Below, find the line containing "24Pcs Self Threading" and the line containing "Tory Burch Cotton"; reproduce exactly those two and every line between them, omitting pictures.

*SOURCE MATERIAL*
══════════════════════════════
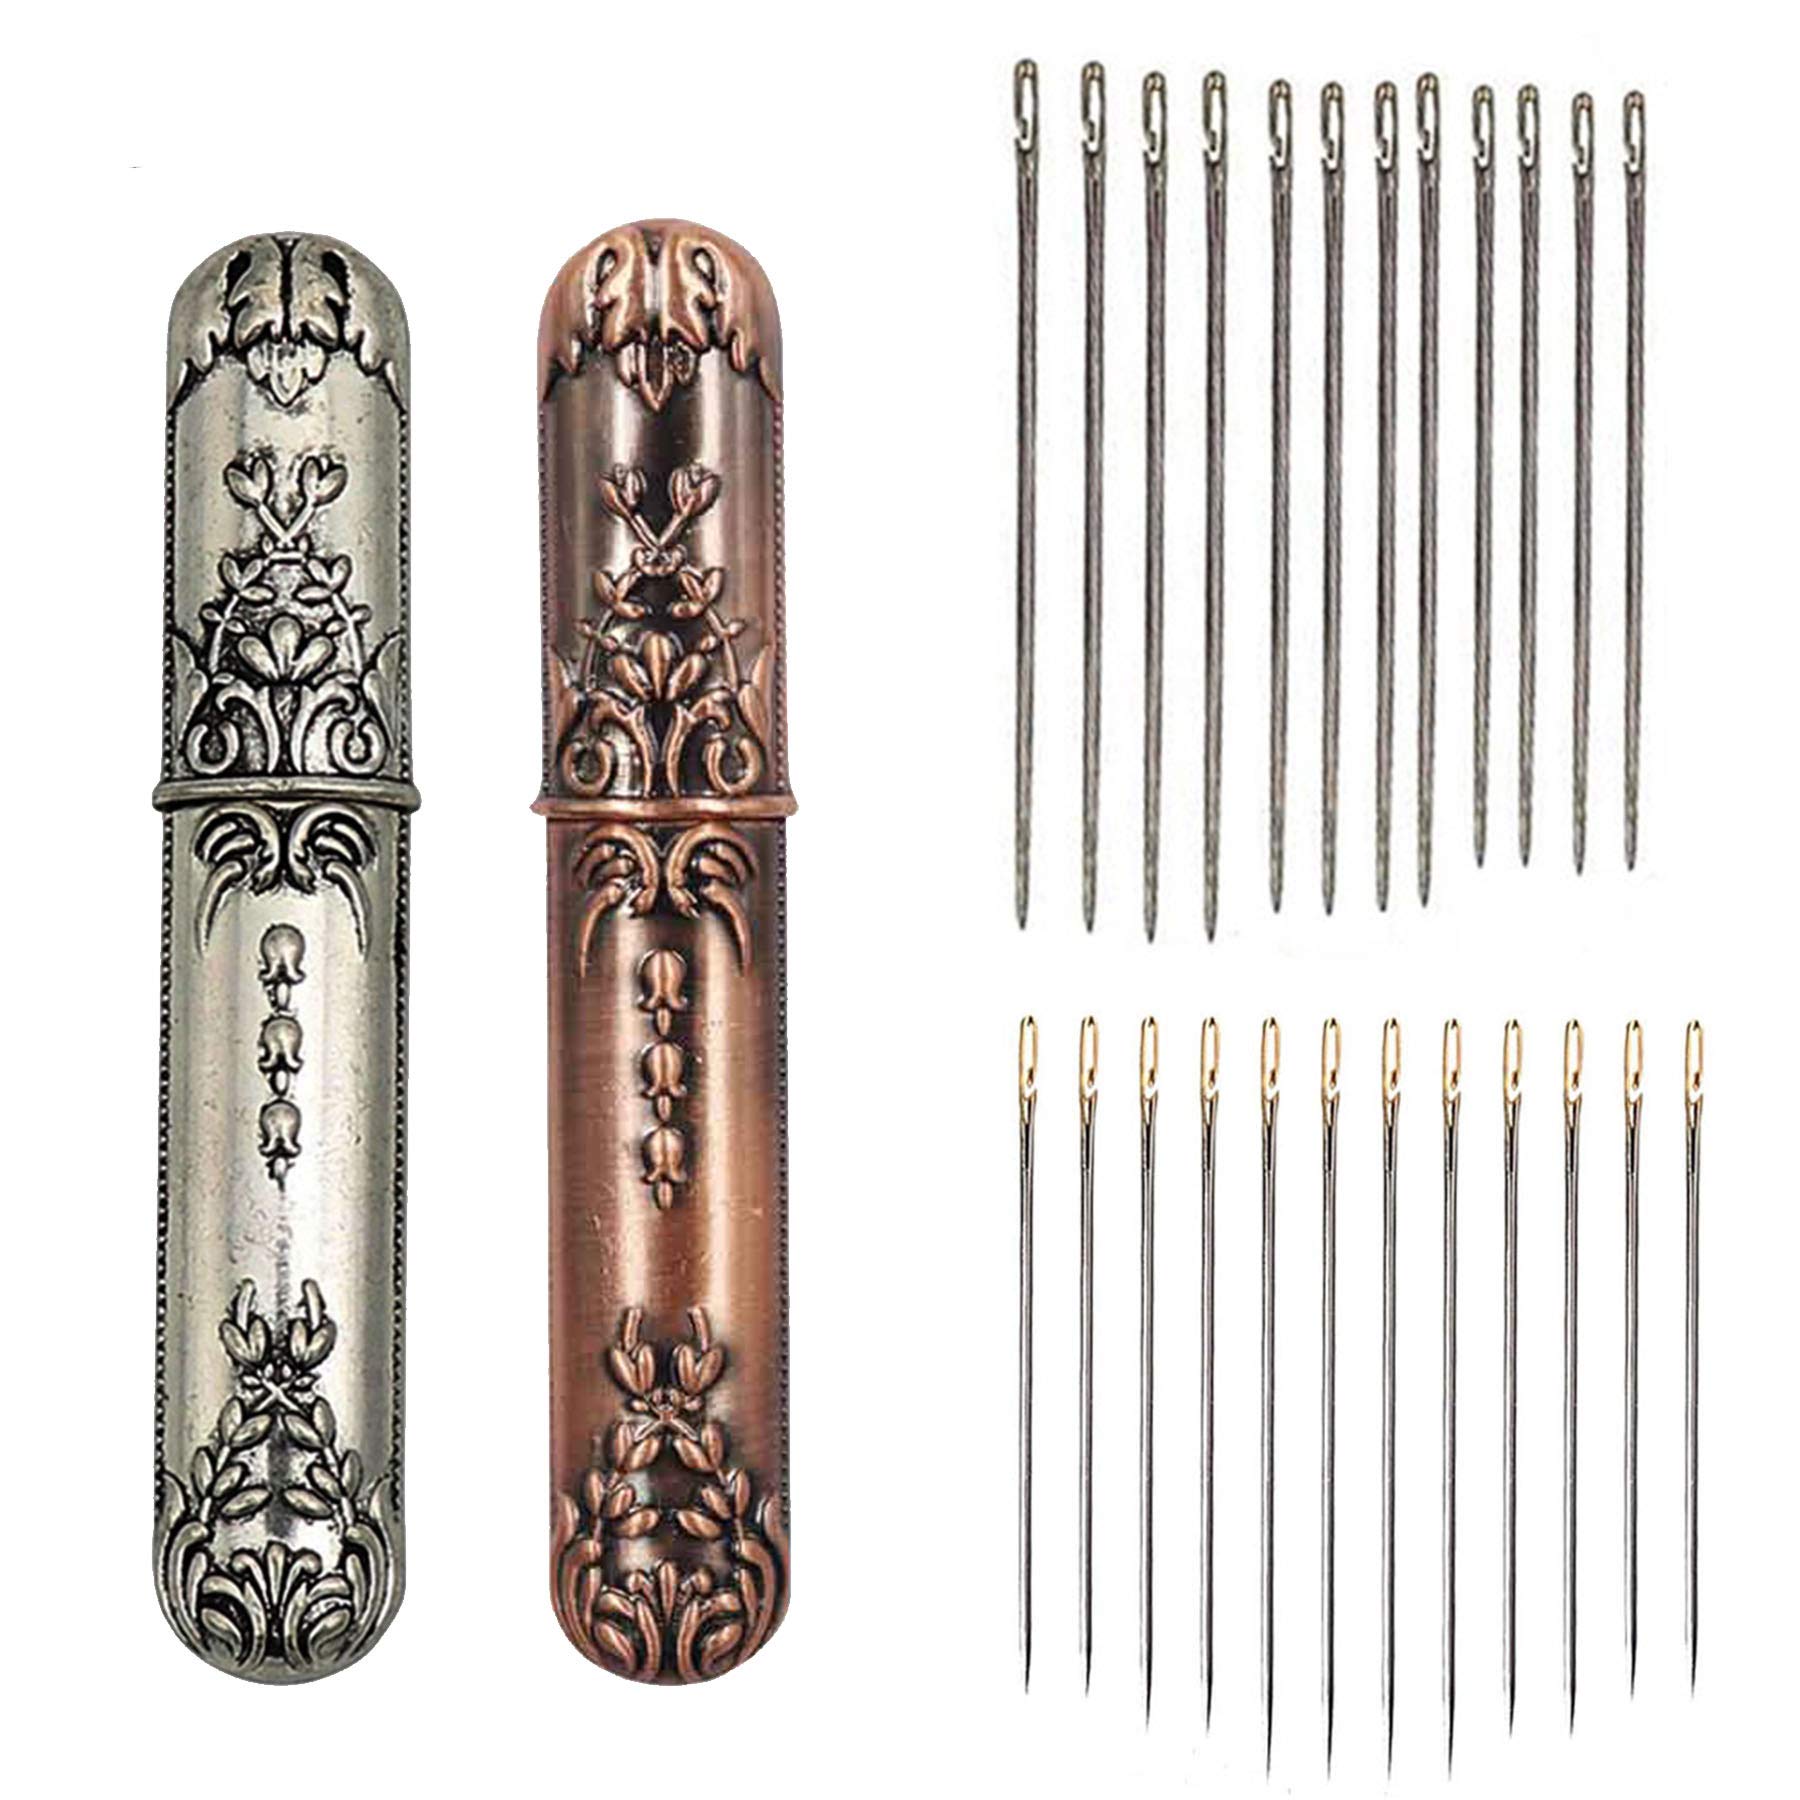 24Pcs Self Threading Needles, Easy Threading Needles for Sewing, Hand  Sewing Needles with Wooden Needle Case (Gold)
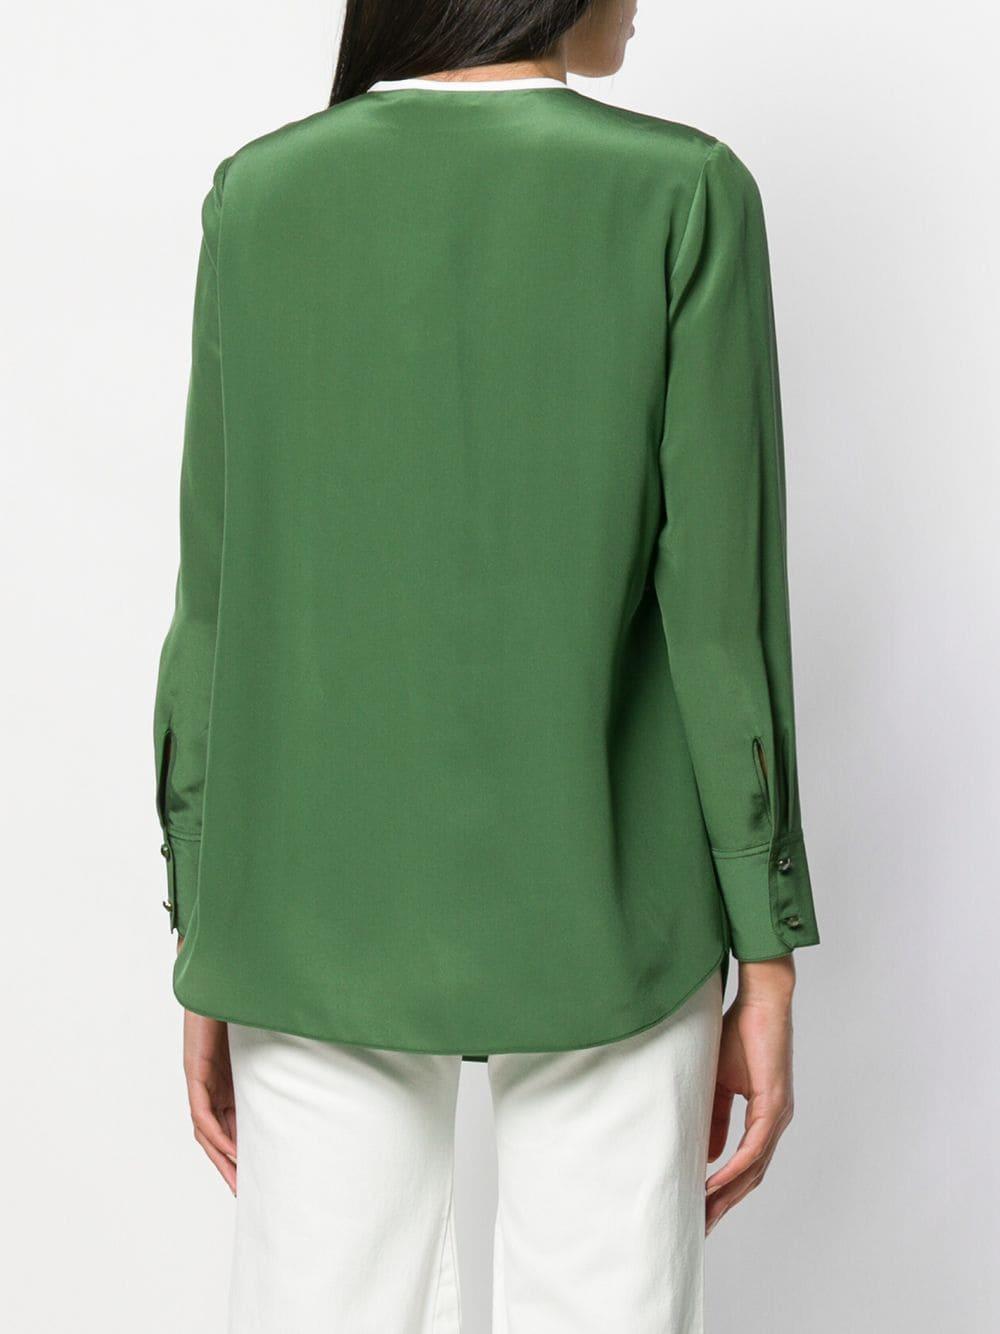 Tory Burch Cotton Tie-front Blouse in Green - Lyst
══════════════════════════════
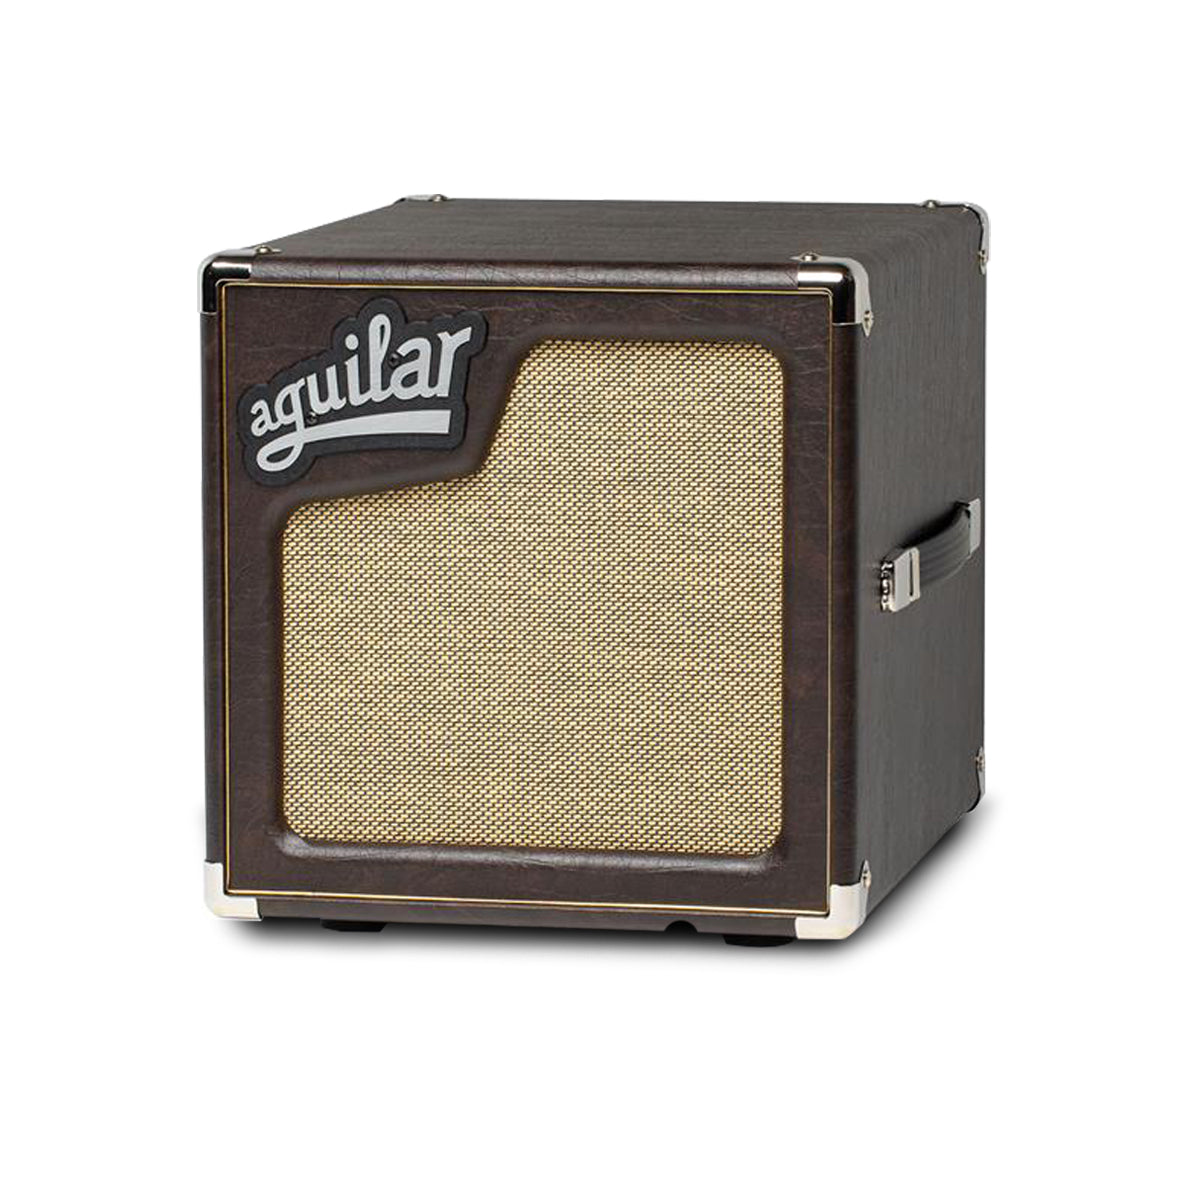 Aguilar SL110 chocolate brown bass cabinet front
══════════════════════════════
*RESPONSE AREA*
 24Pcs Self Threading Needles, Easy Threading Needles for Sewing, Hand  Sewing Needles with Wooden Needle Case (Gold)
 Tory Burch Cotton Tie-front Blouse in Green - Lyst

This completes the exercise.